Information shown:
=== Section Start ===
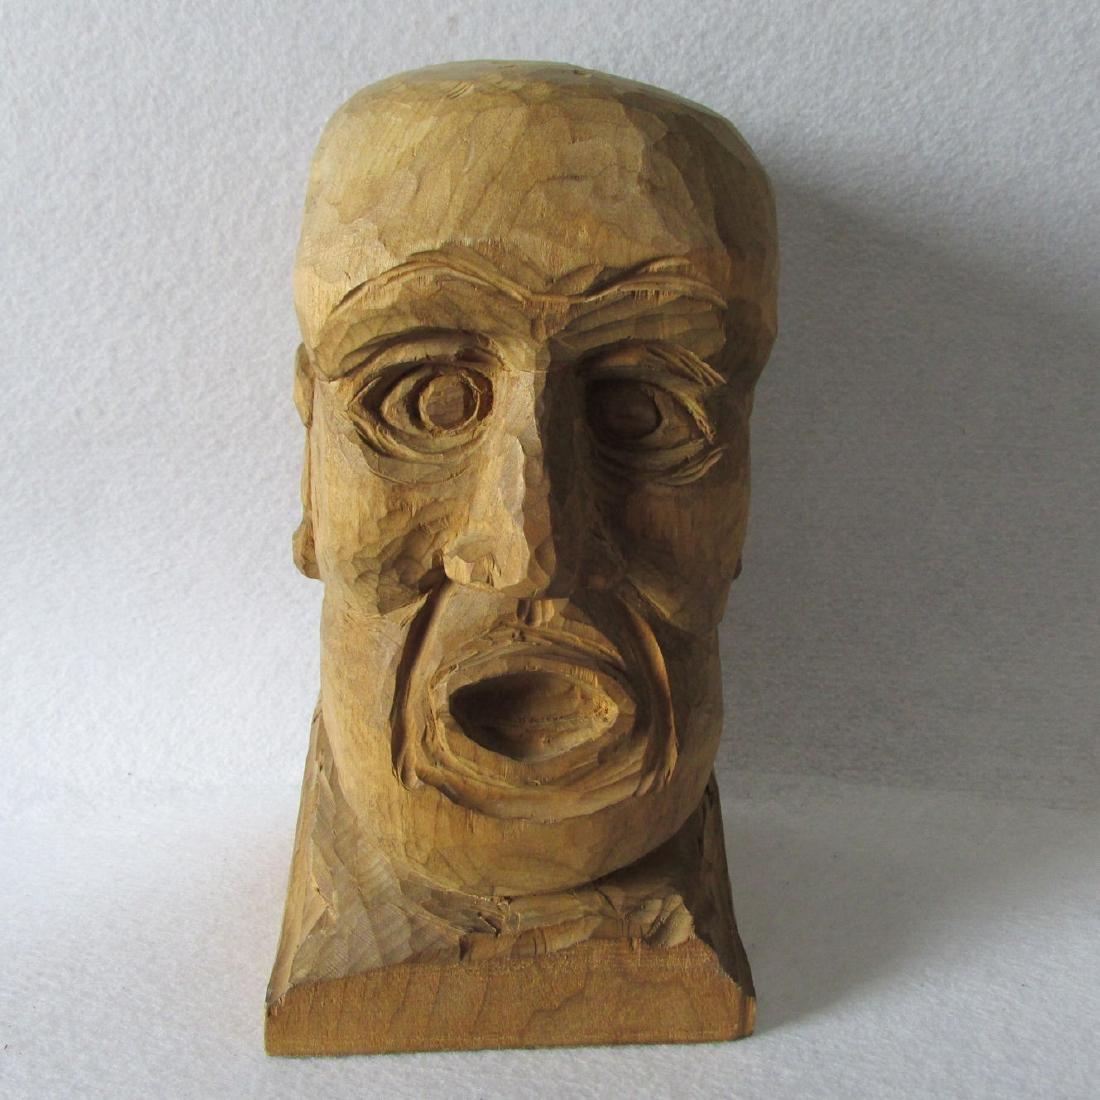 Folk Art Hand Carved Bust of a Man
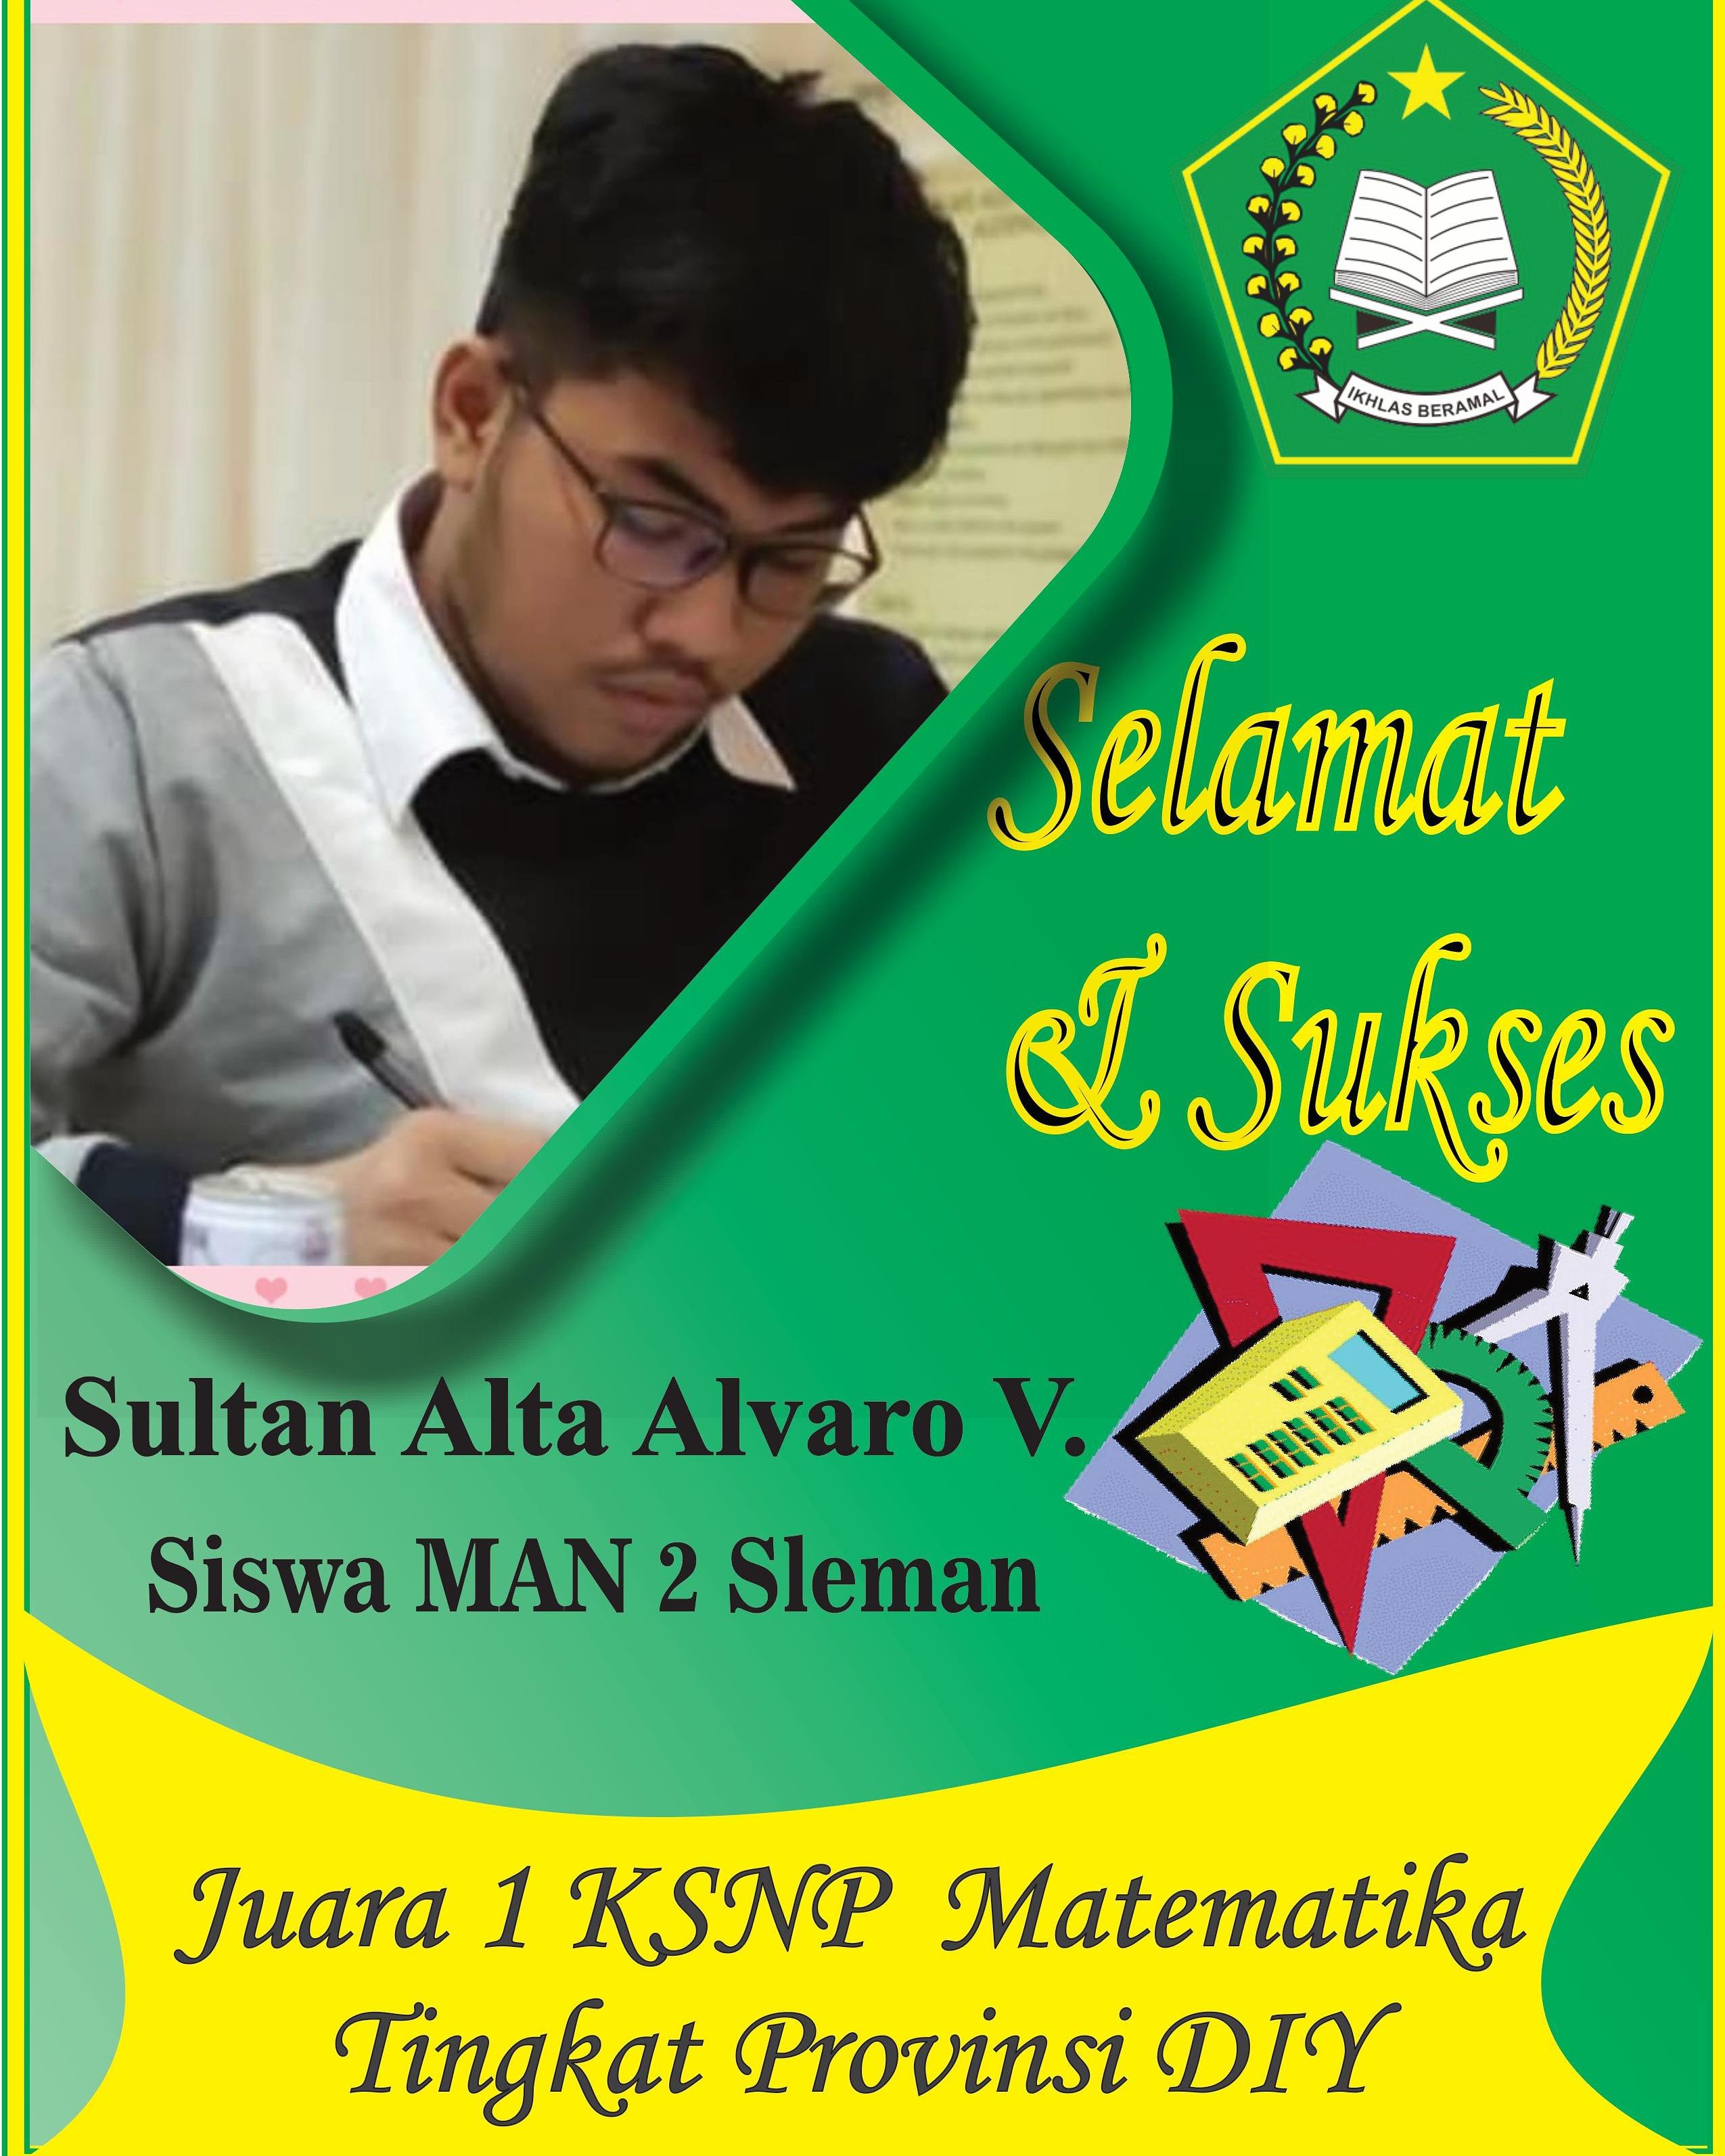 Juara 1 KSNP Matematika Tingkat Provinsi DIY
=== Section End ===
=== Section Start ===
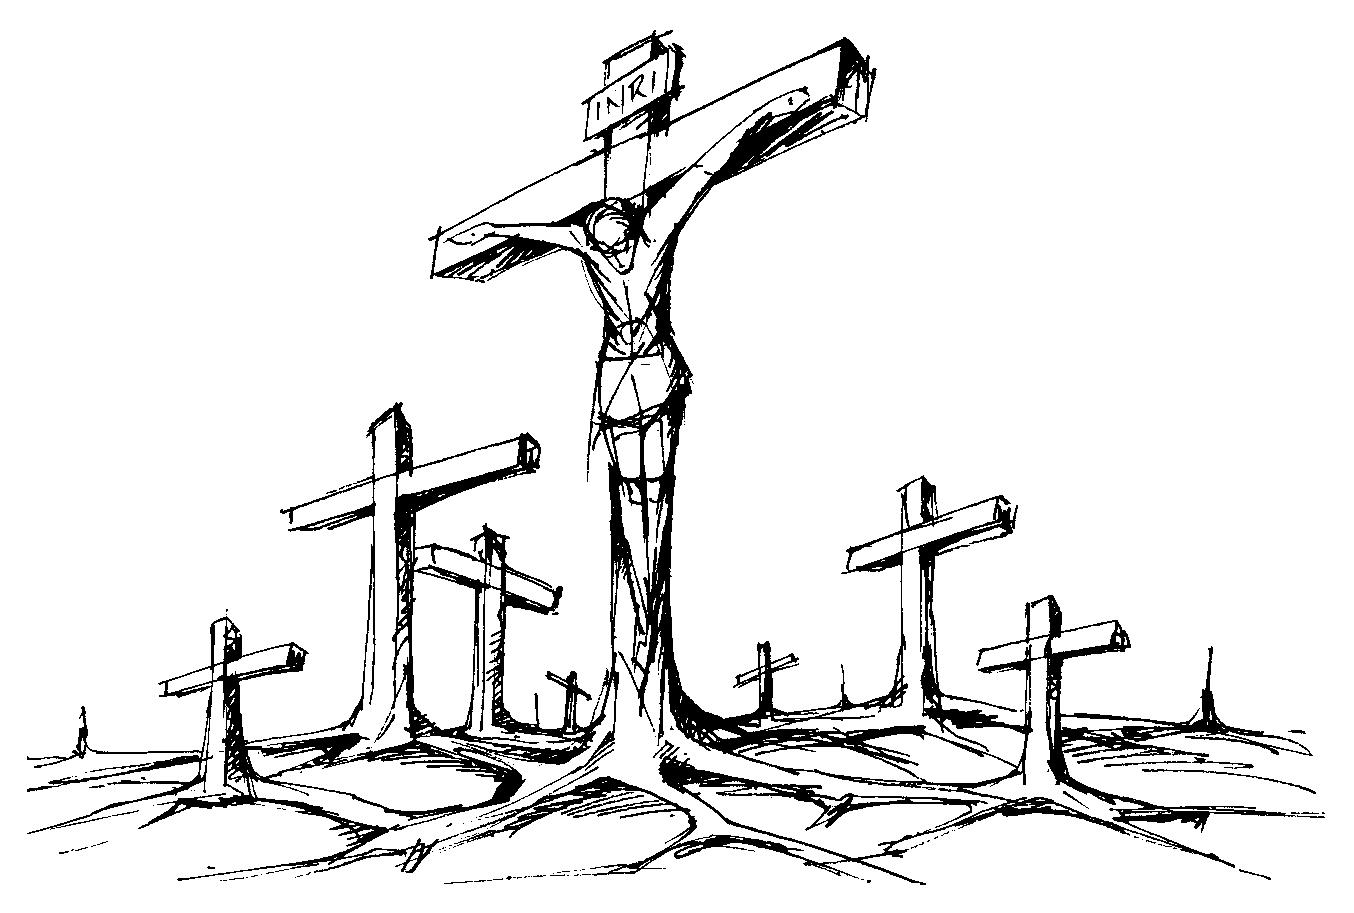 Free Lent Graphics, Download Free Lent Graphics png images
=== Section End ===
=== Section Start ===
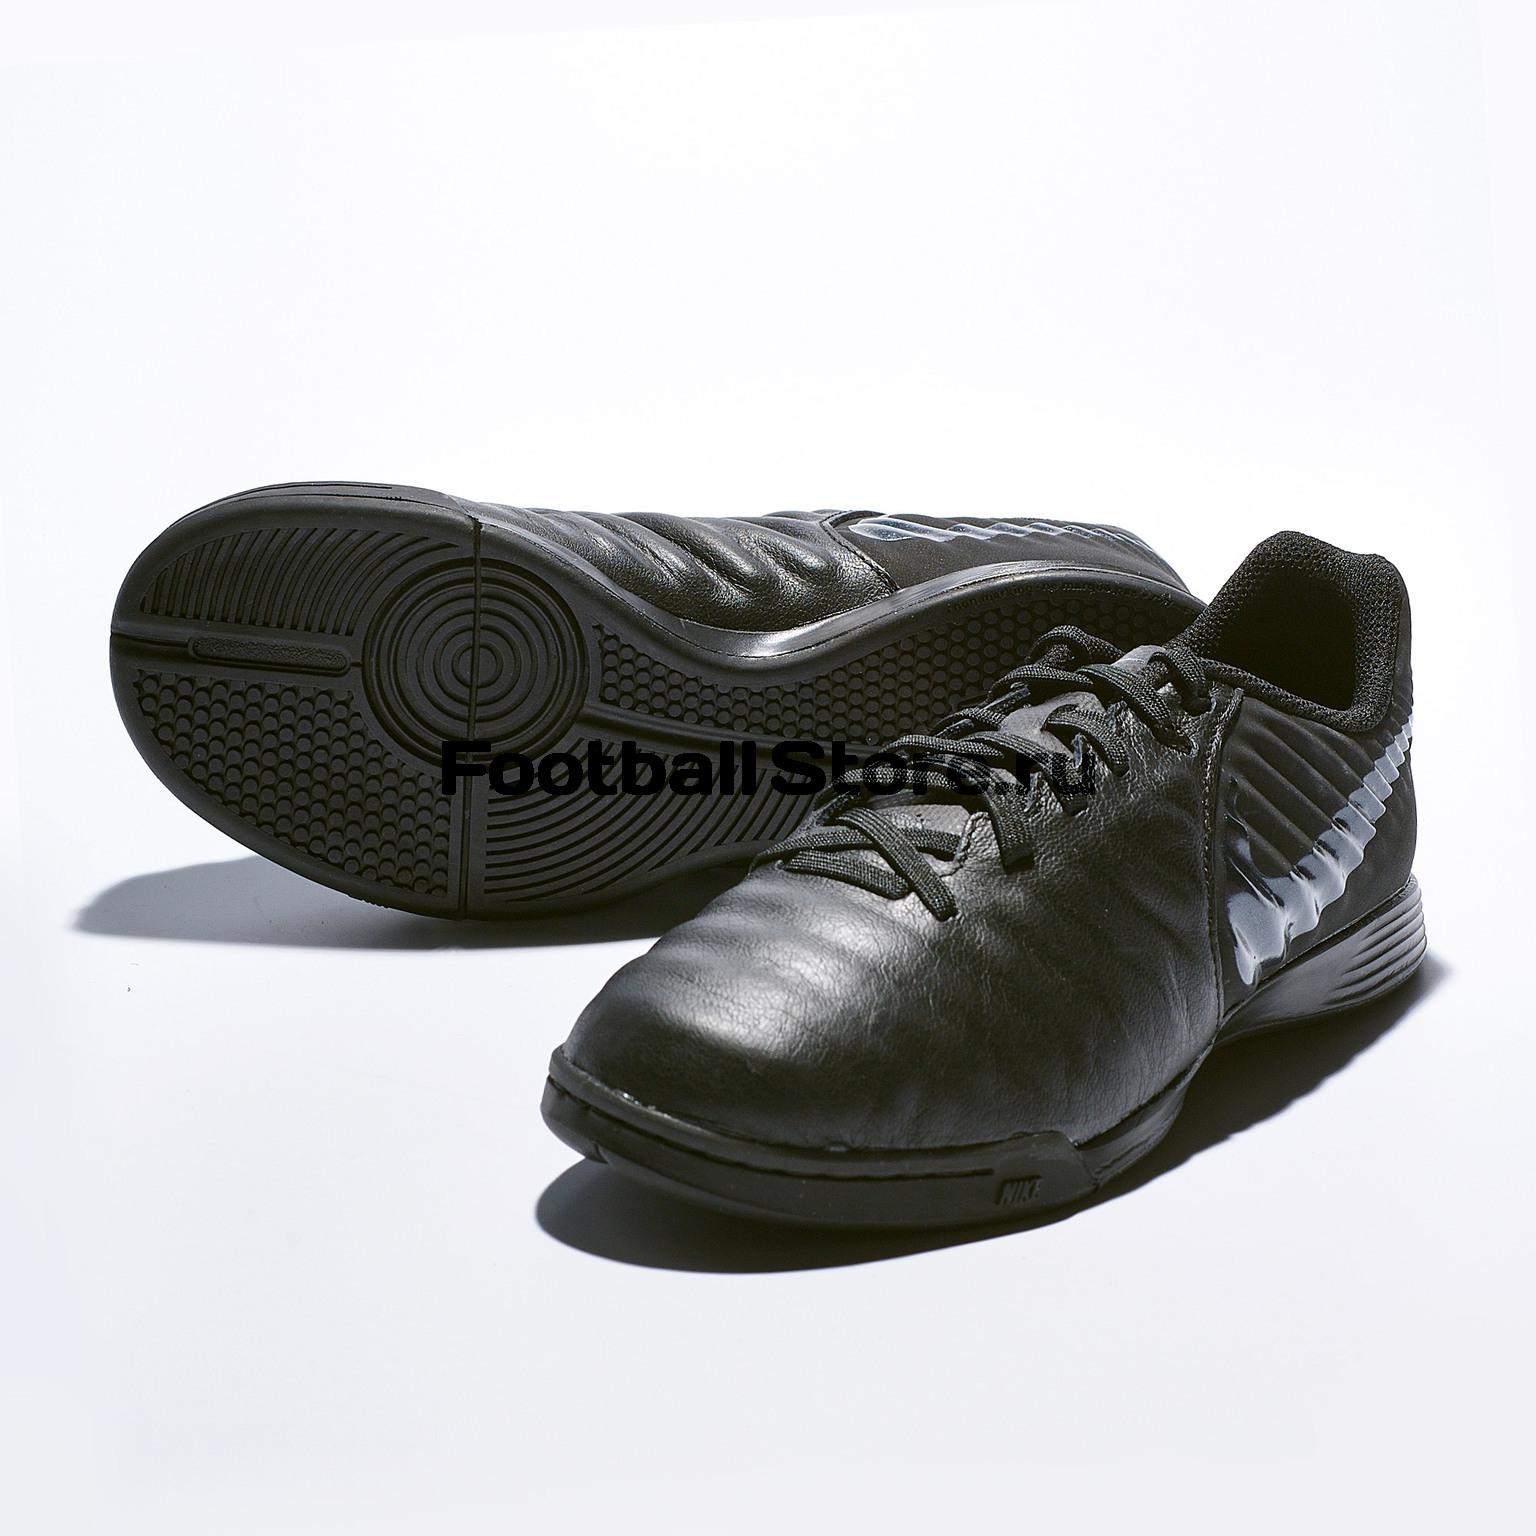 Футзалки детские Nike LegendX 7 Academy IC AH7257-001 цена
=== Section End ===
Give back exactly the lines above from the one with "Folk Art Hand Carved Bust of a Man" through the one with "Juara 1 KSNP Matematika Tingkat Provinsi DIY", both included. Pictures don't belong in the copy.

 Folk Art Hand Carved Bust of a Man
 Juara 1 KSNP Matematika Tingkat Provinsi DIY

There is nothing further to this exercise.